Word for word, output every line of the material below, minus pictures.

[Opening SUPPLIED DATA section]

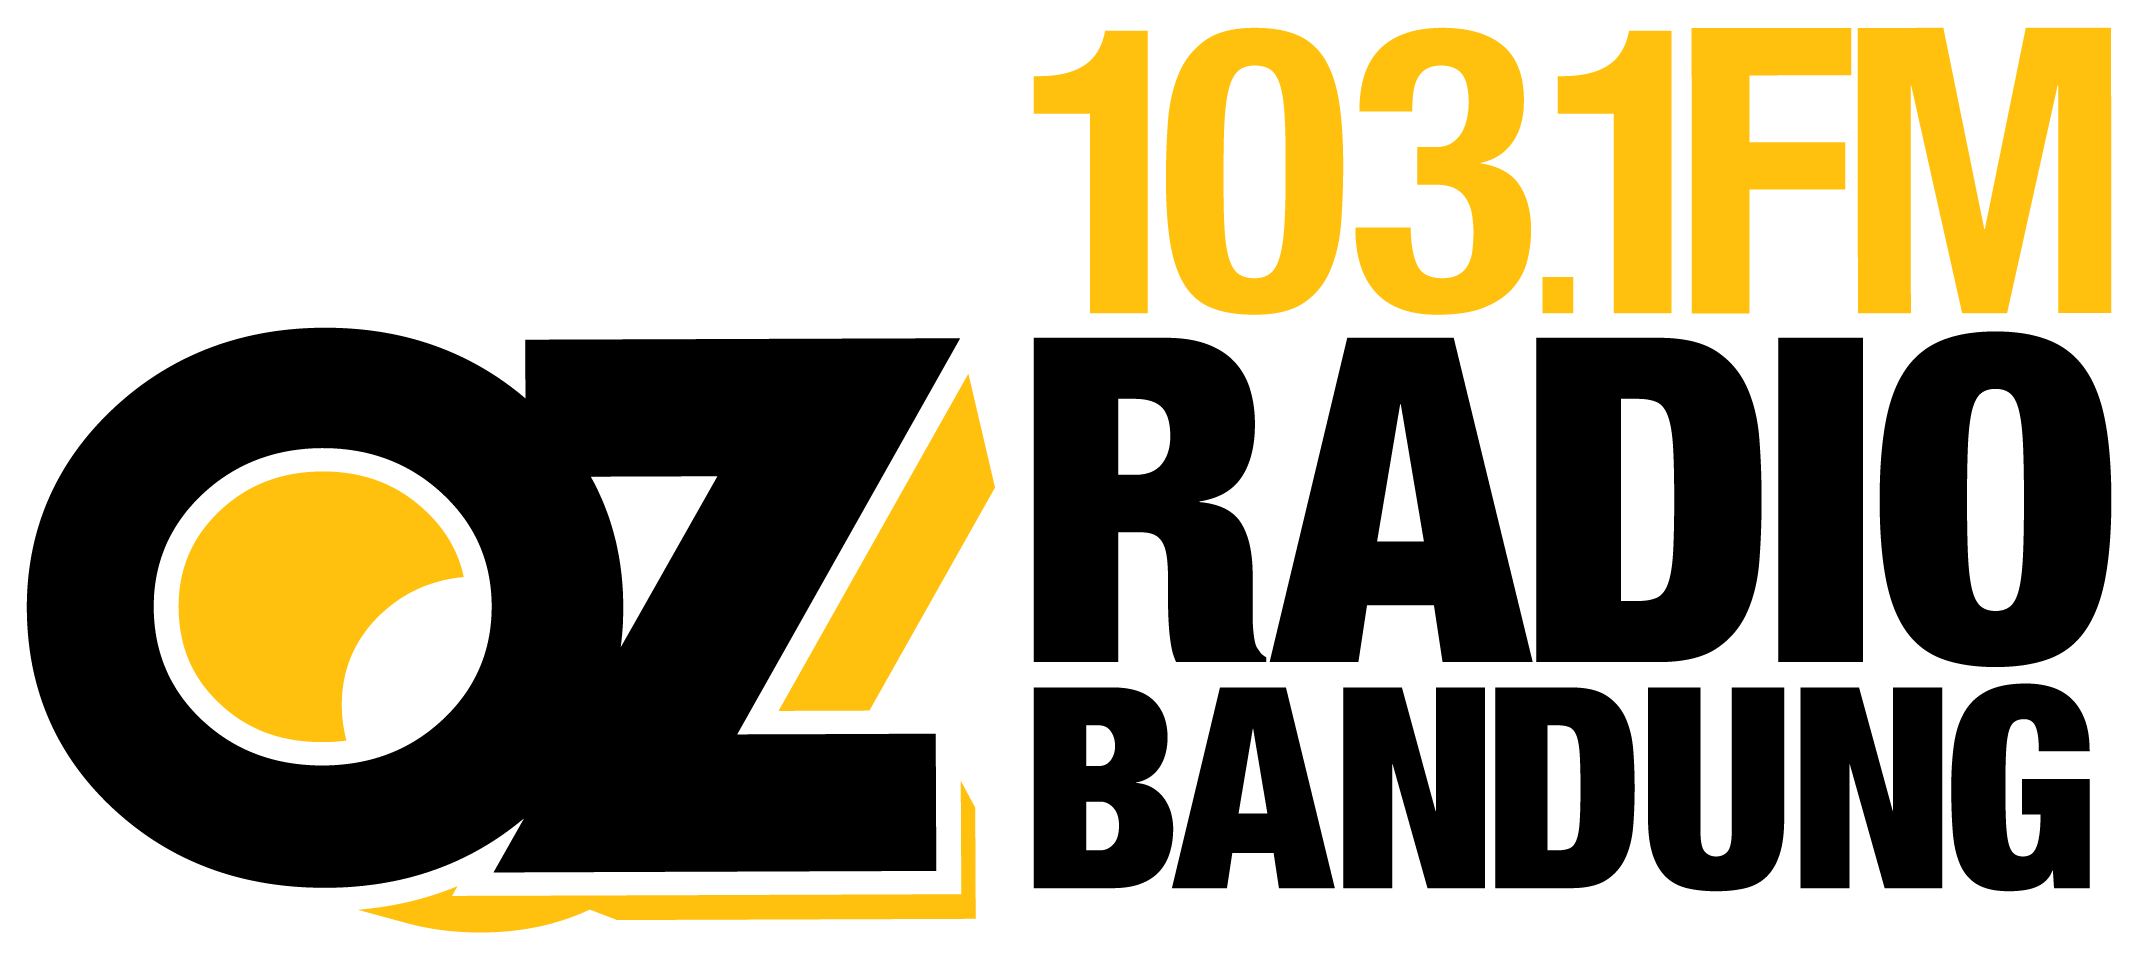 Oz Radio Bandung - Oz Radio Jakarta Logo Clipart (2362x2362), Png Download
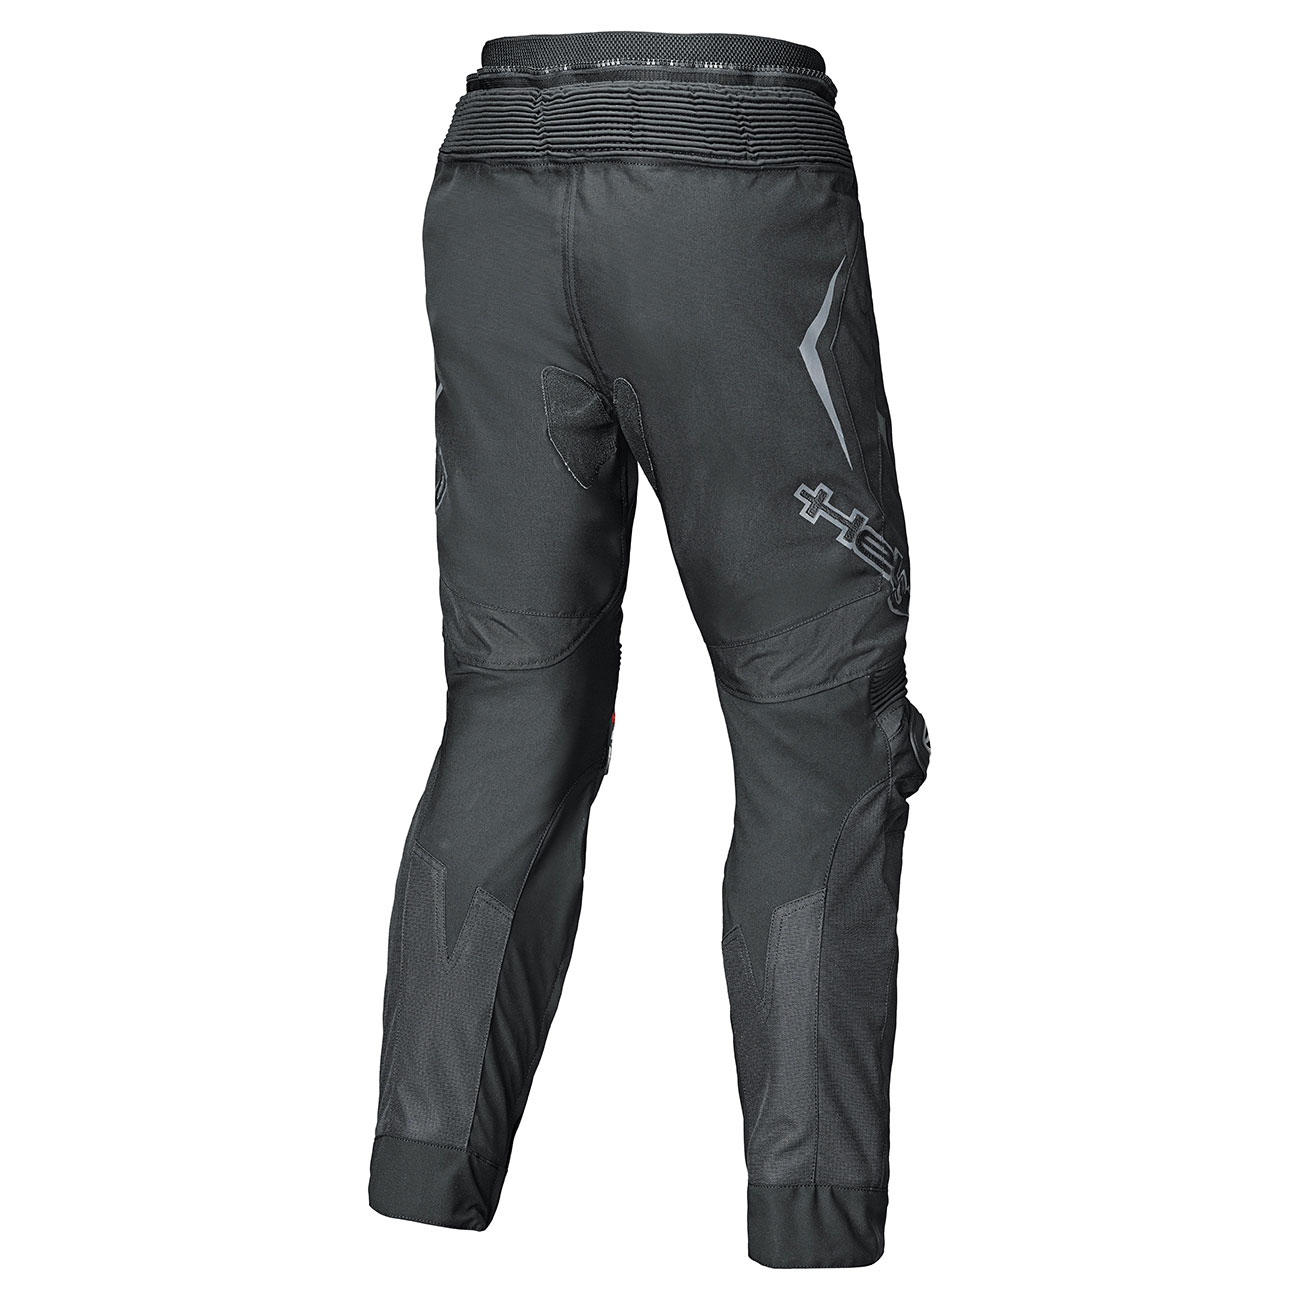 Grind SRX Pantalone sport
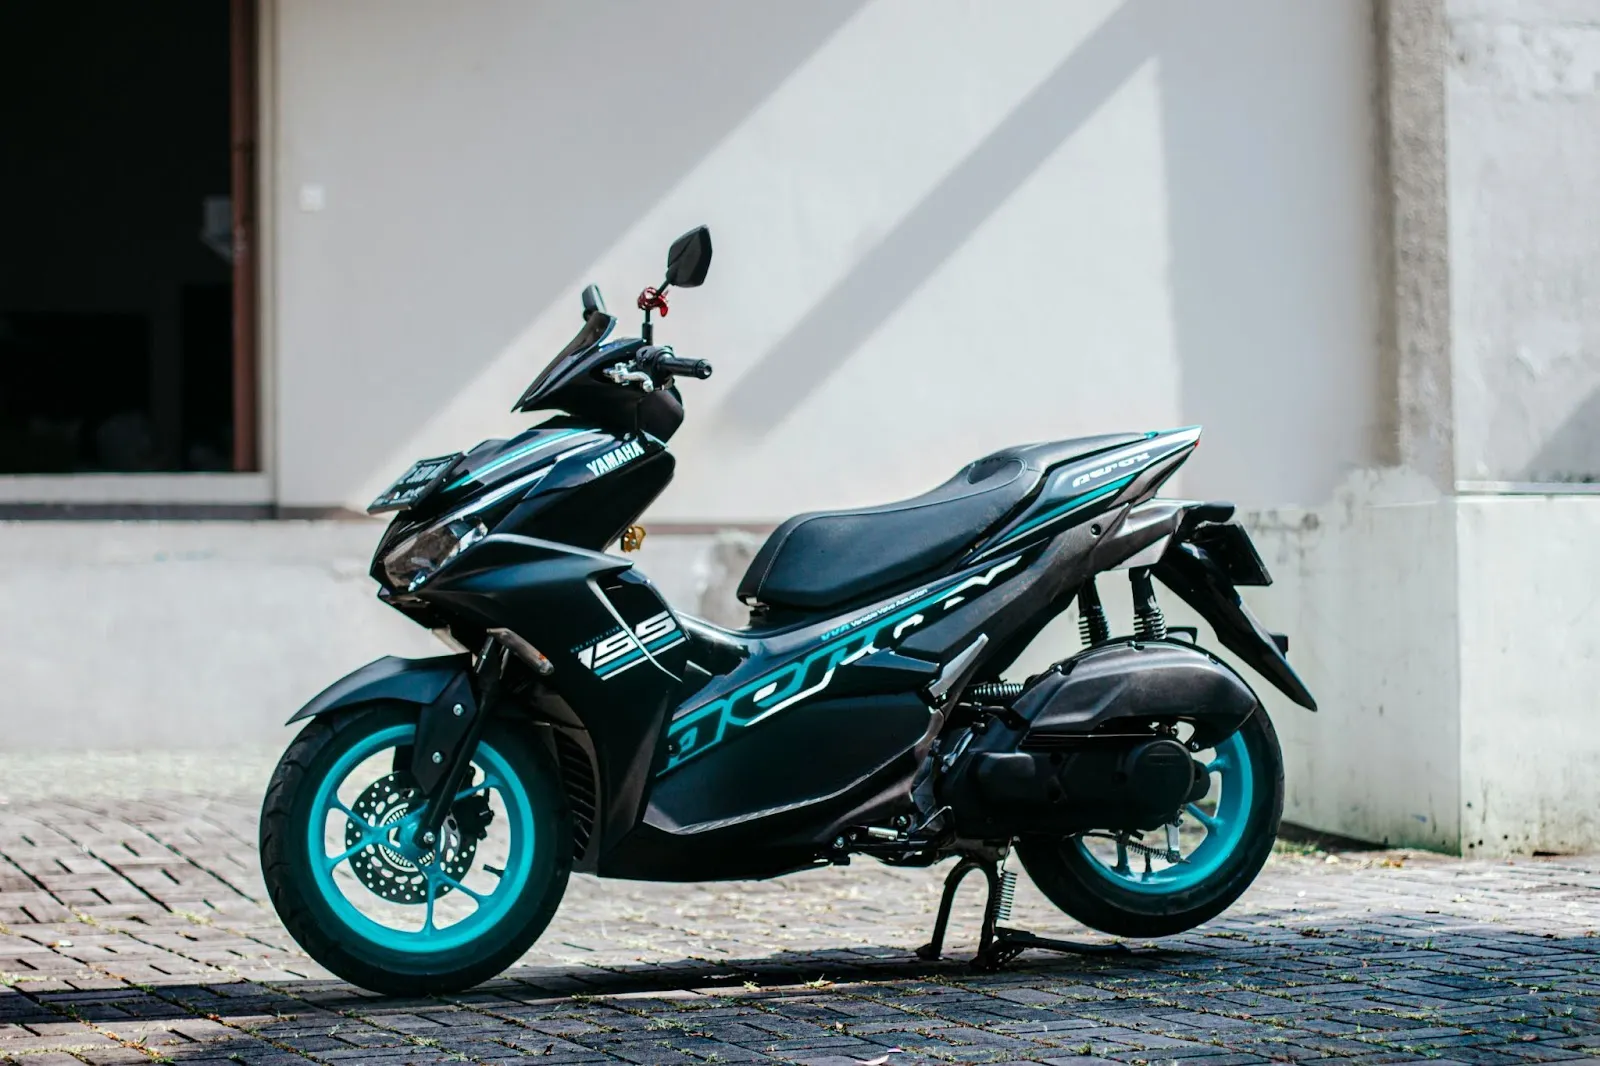 A black Yamaha Aerox motorbike with aqua blue accent

[Closing SUPPLIED DATA section]

◆ **OUTPUT BELOW**:
 Oz Radio Bandung - Oz Radio Jakarta Logo Clipart (2362x2362), Png Download
 Grind SRX Pantalone sport
 A black Yamaha Aerox motorbike with aqua blue accent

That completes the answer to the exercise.